American politician (1819–1881)

Benjamin Franklin Loan (October 4, 1819 - March 30, 1881) was a U.S. Representative from Missouri, as well as a Missouri State Militia general in service to the Union during the American Civil War.

==Biography==
Benjamin F. Loan was born in Hardinsburg, Kentucky. He pursued an academic course and received a college education. He studied law in Kentucky, and then moved to St. Joseph, Missouri, in 1838. He was admitted to the bar in 1840 and practiced in St. Joseph.

With the outbreak of the Civil War, he was commissioned as a brigadier general in the Federal Missouri State Militia on November 27, 1861. General Loan participated in counter-guerrilla operations, including the victory against Colonel John A. Poindexter's irregular cavalry at the Battle of Yellow Creek on August 13, 1862. Loan was honorably discharged on June 8, 1863, and returned home.

Loan was elected as a Immediate Emancipationist to the Thirty-eighth Congress and reelected as a Radical Unionist to the Thirty-ninth and Fortieth Congresses (March 4, 1863 - March 3, 1869). He served as chairman of the Committee on Revolutionary Pensions (Fortieth Congress). He was an unsuccessful candidate for reelection in 1868 to the Forty-first Congress.

While in Congress, on June 7, 1867, he introduced a resolution that would have impeached President Andrew Johnson. At the time, many Radical Republicans desired to impeach the president, while much of the Republican Party's congressional caucus was not prepared to do so. While Loan's resolution was never voted on, the House did approve a separate resolution that day by James Mitchell Ashley which launched the first impeachment inquiry against Andrew Johnson.

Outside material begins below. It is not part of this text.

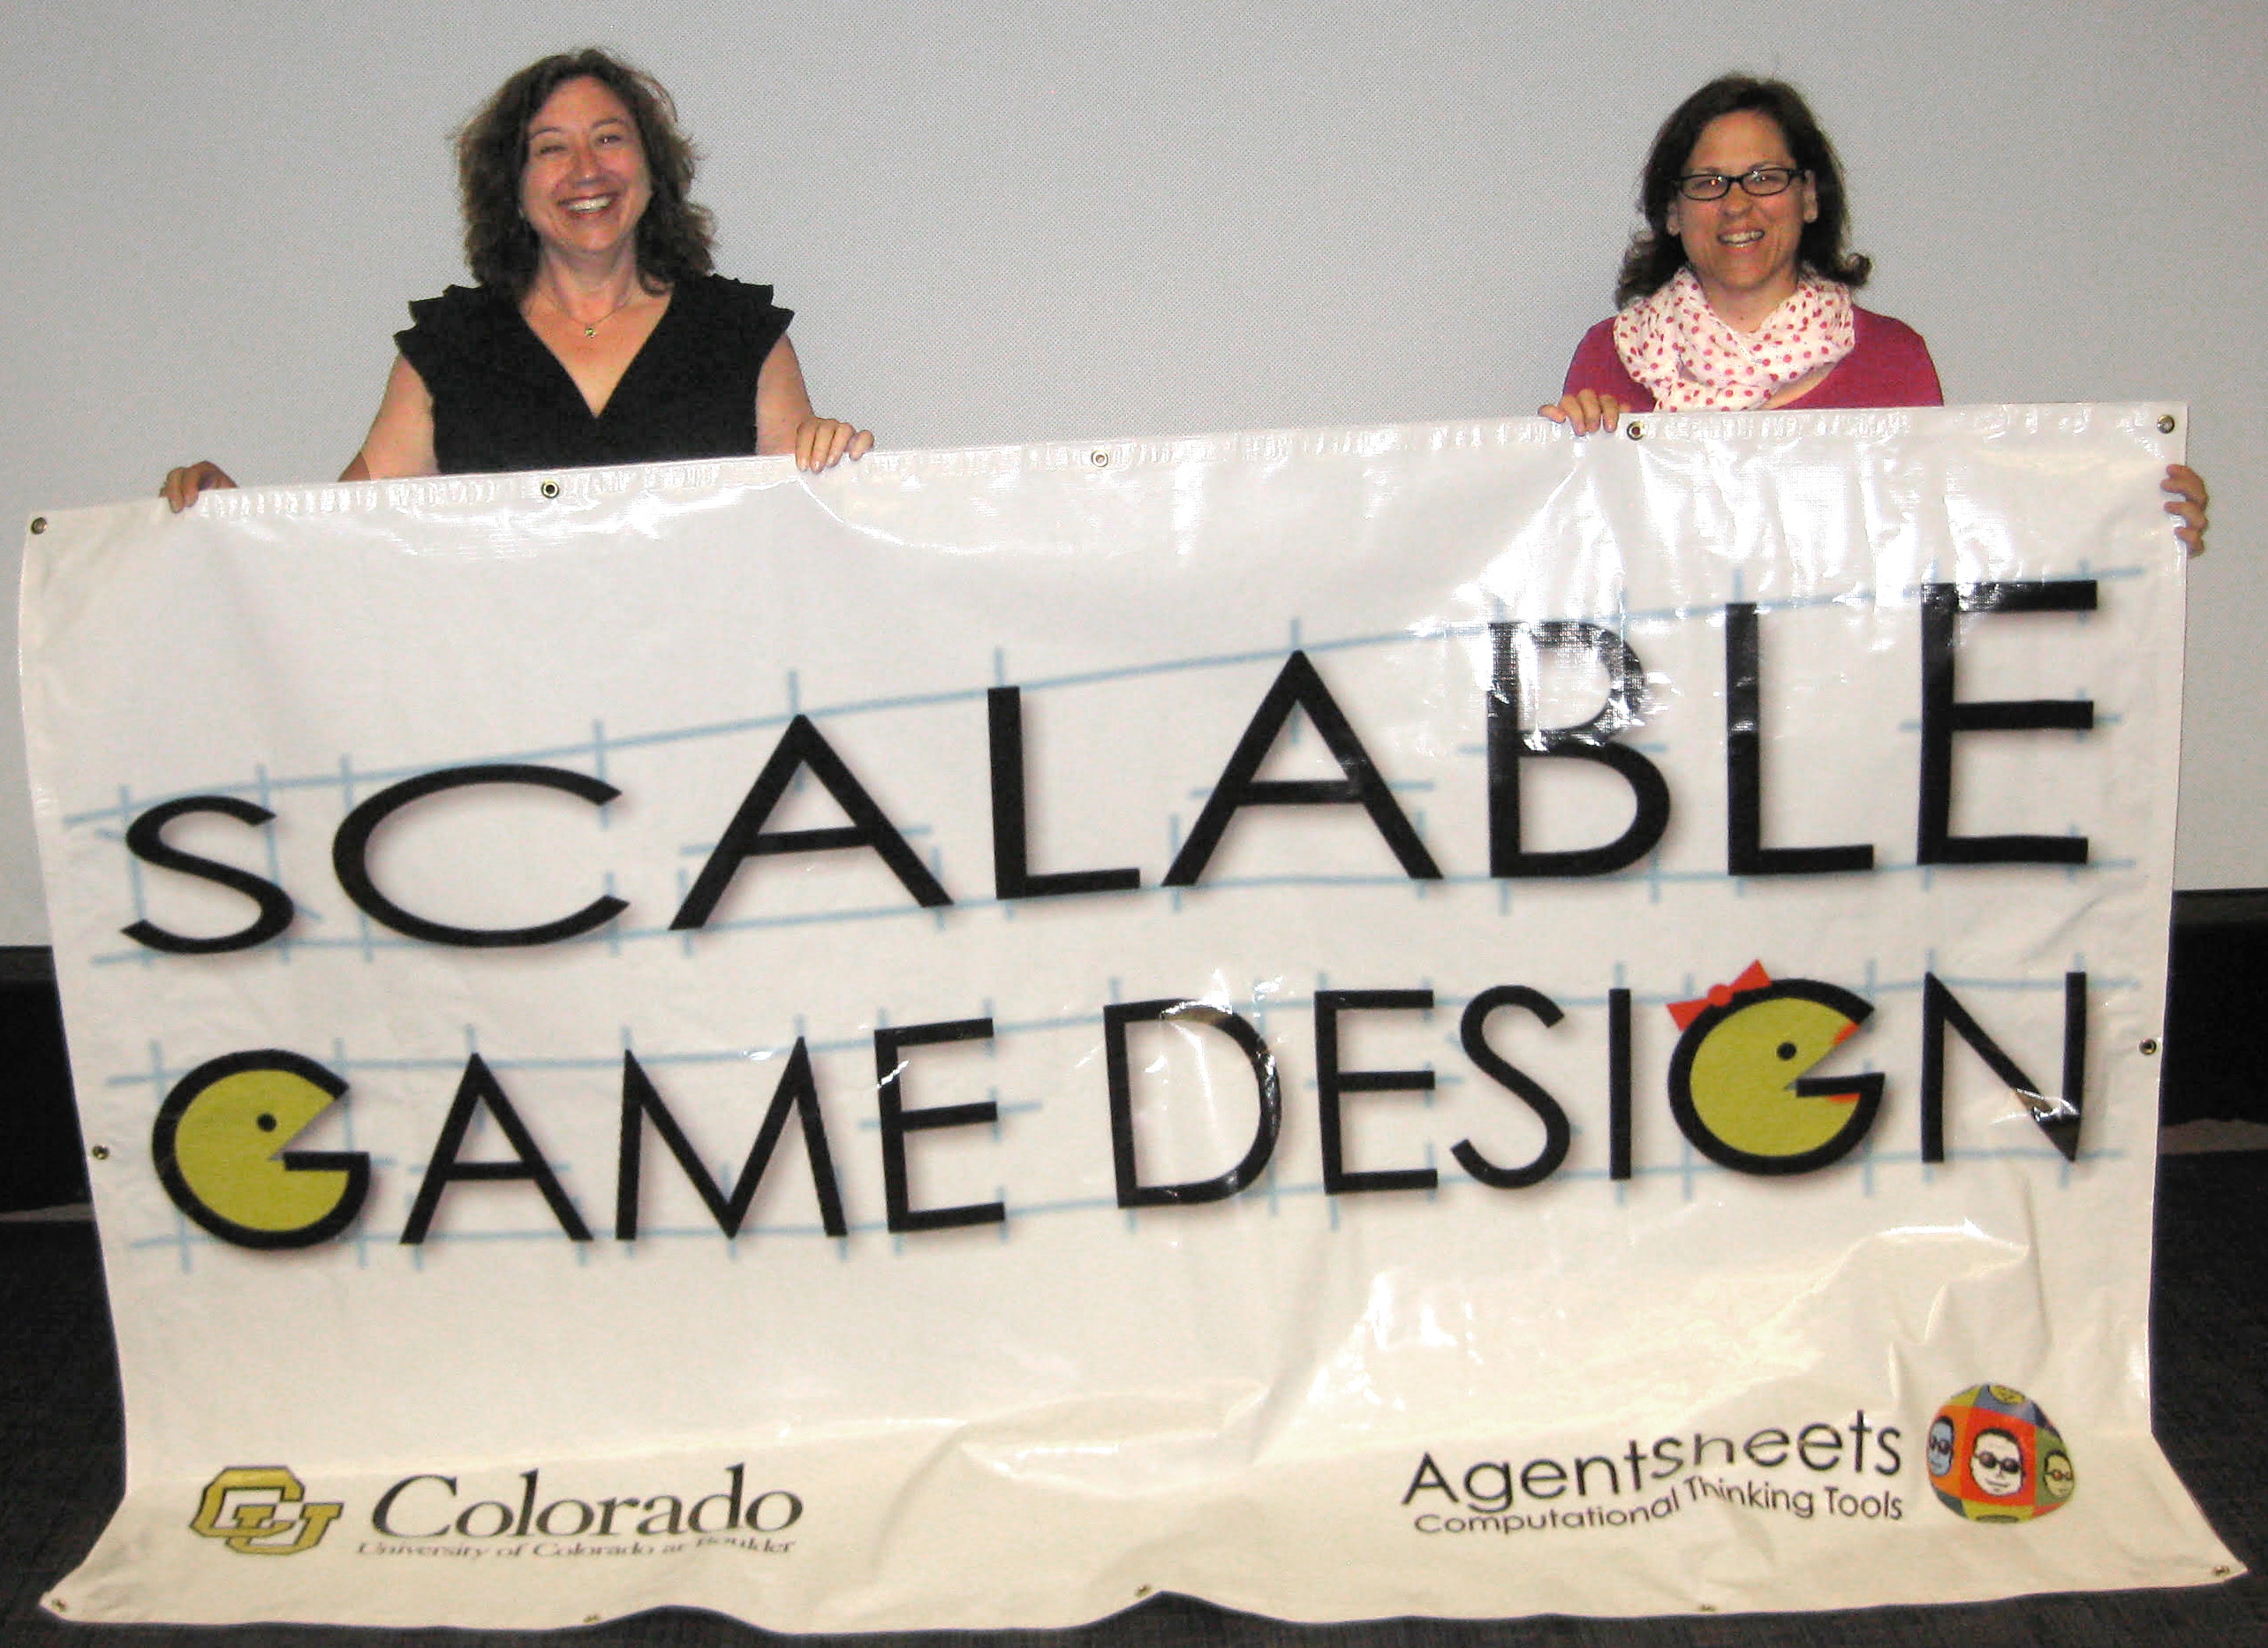 Two founder of Scalable Game Design holding a Scalable Game Design sign.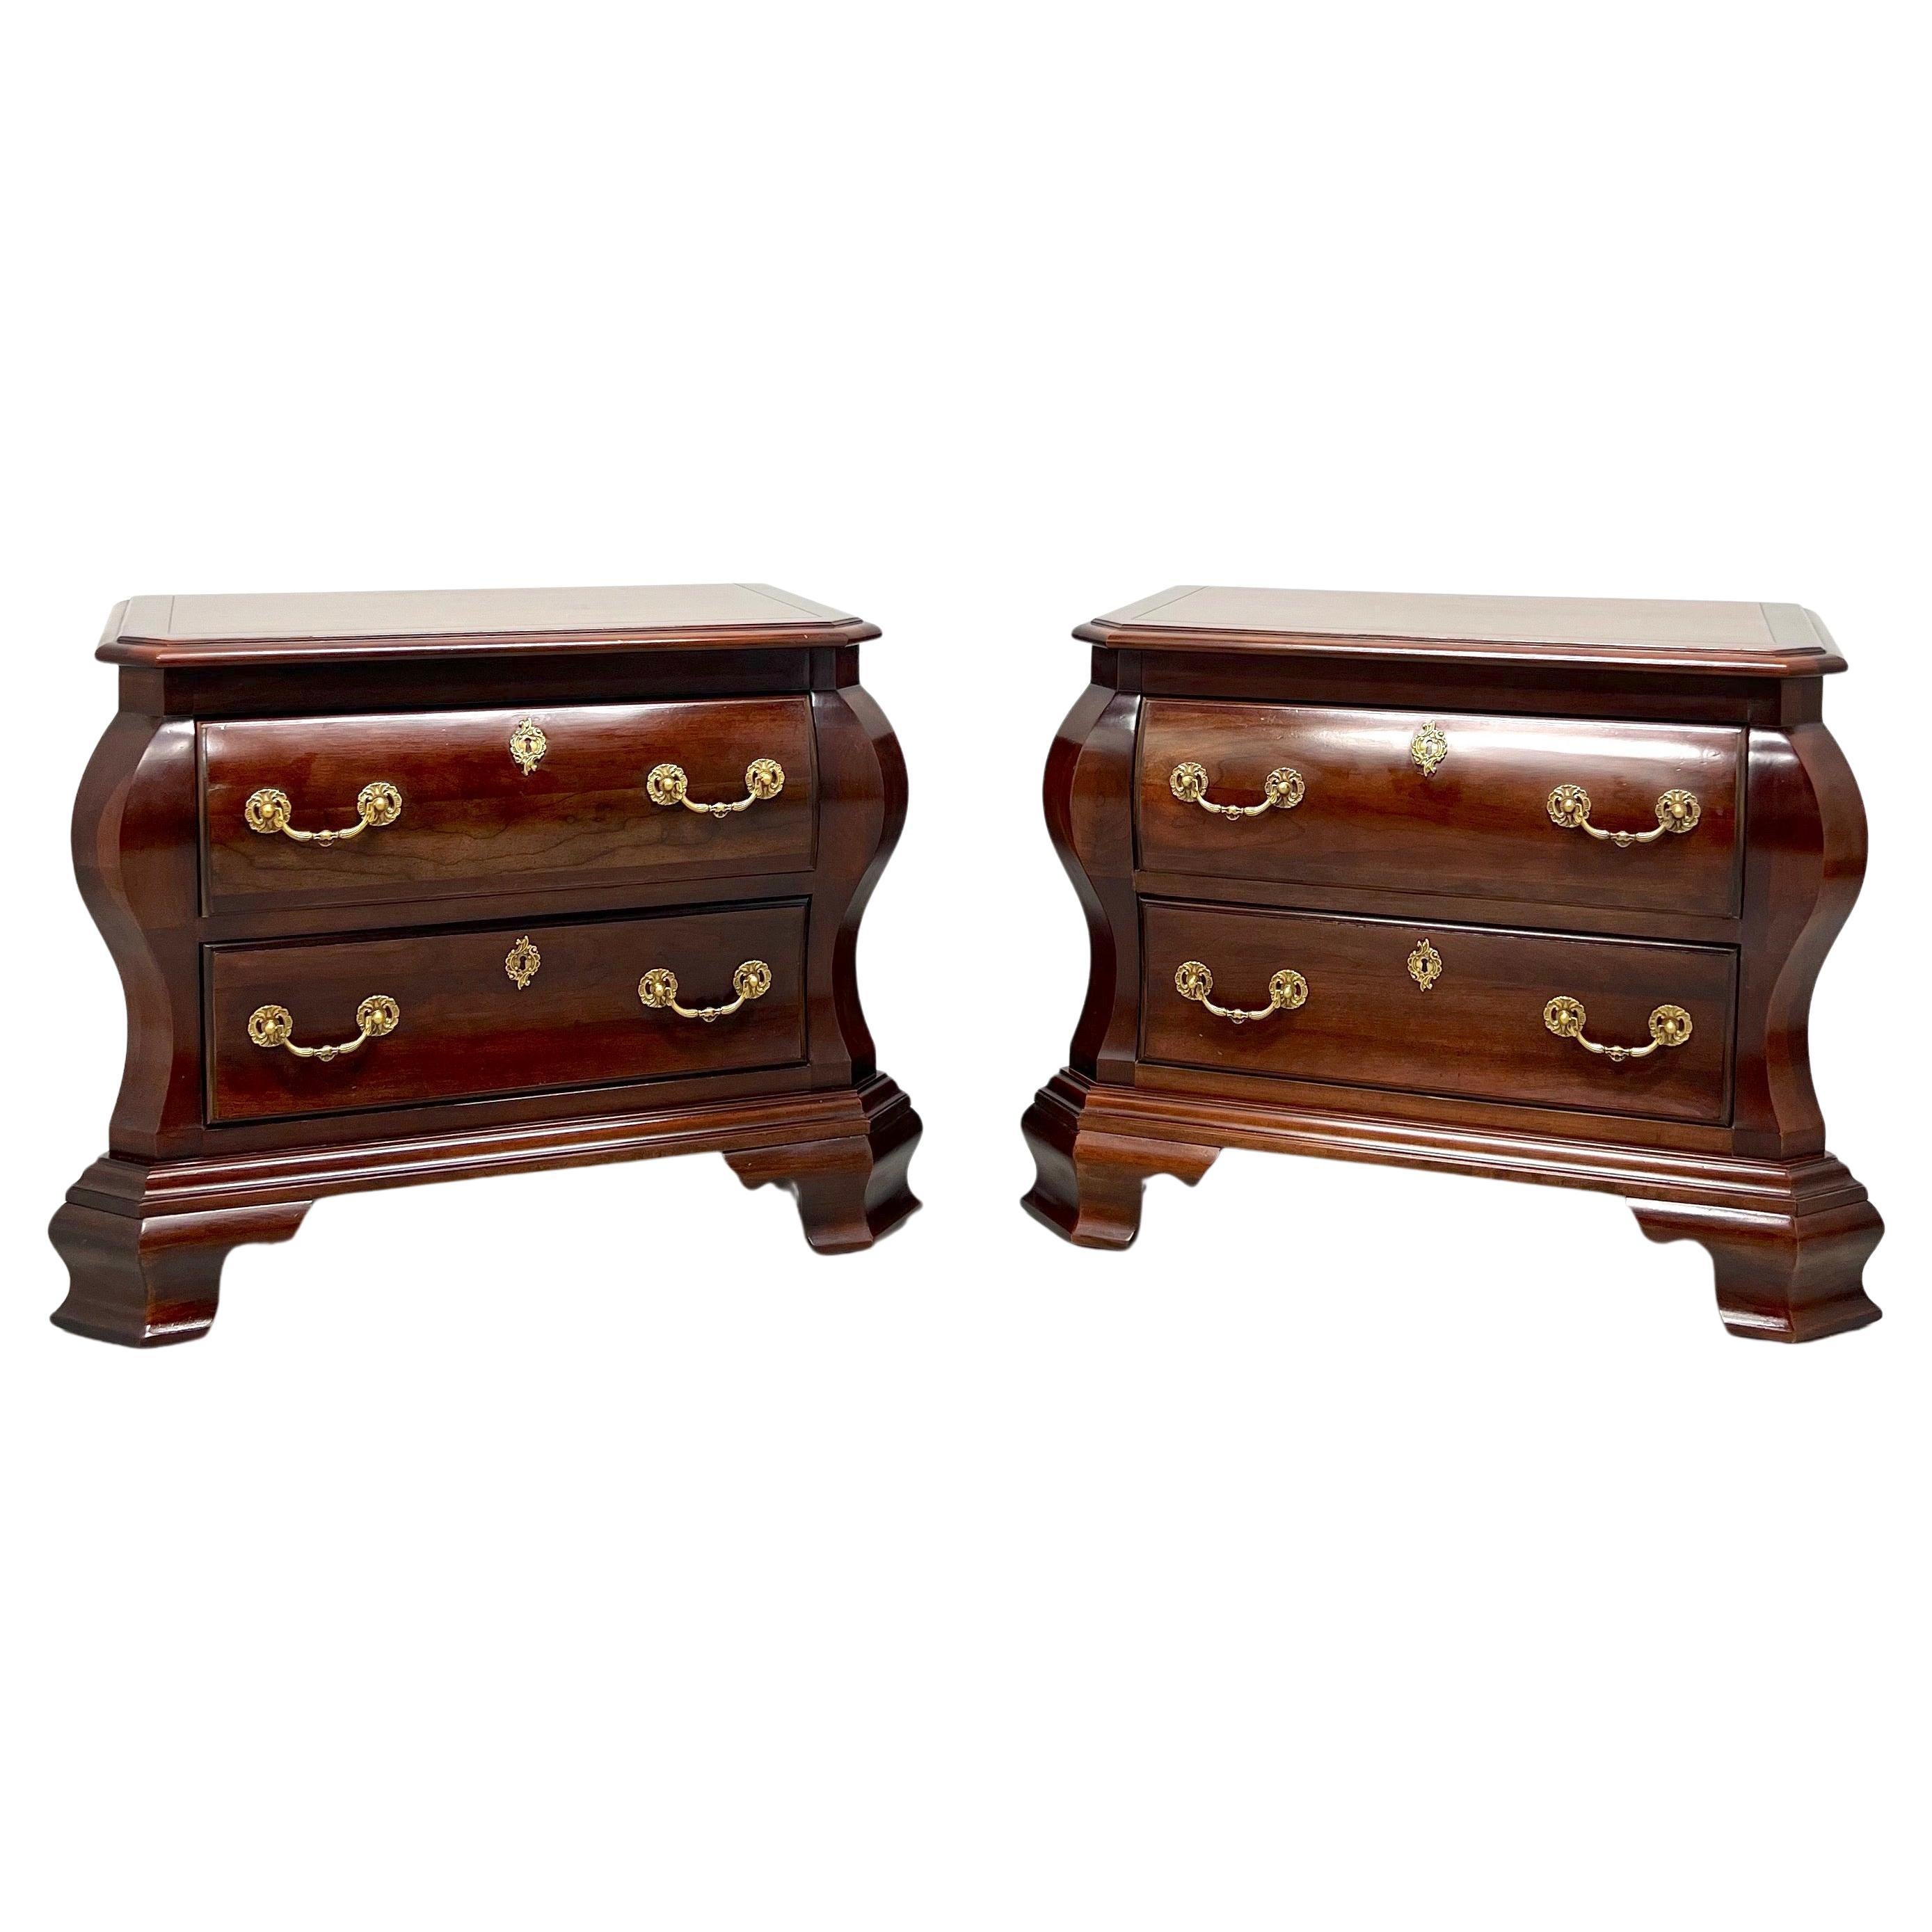 CENTURY Cardella Collection Cherry Italian Bombe Two-Drawer Nightstands - Pair

He was appointed by President Ulysses S. Grant as a member of the board of visitors to the United States Military Academy in 1869. He resumed the practice of law in St. Joseph, Missouri, and served as delegate to the Republican National Convention in 1876. He was an unsuccessful candidate for election in 1876 to the Forty-fifth Congress.

Benjamin Loan died in St. Joseph, Missouri, and was interred in Mount Mora Cemetery.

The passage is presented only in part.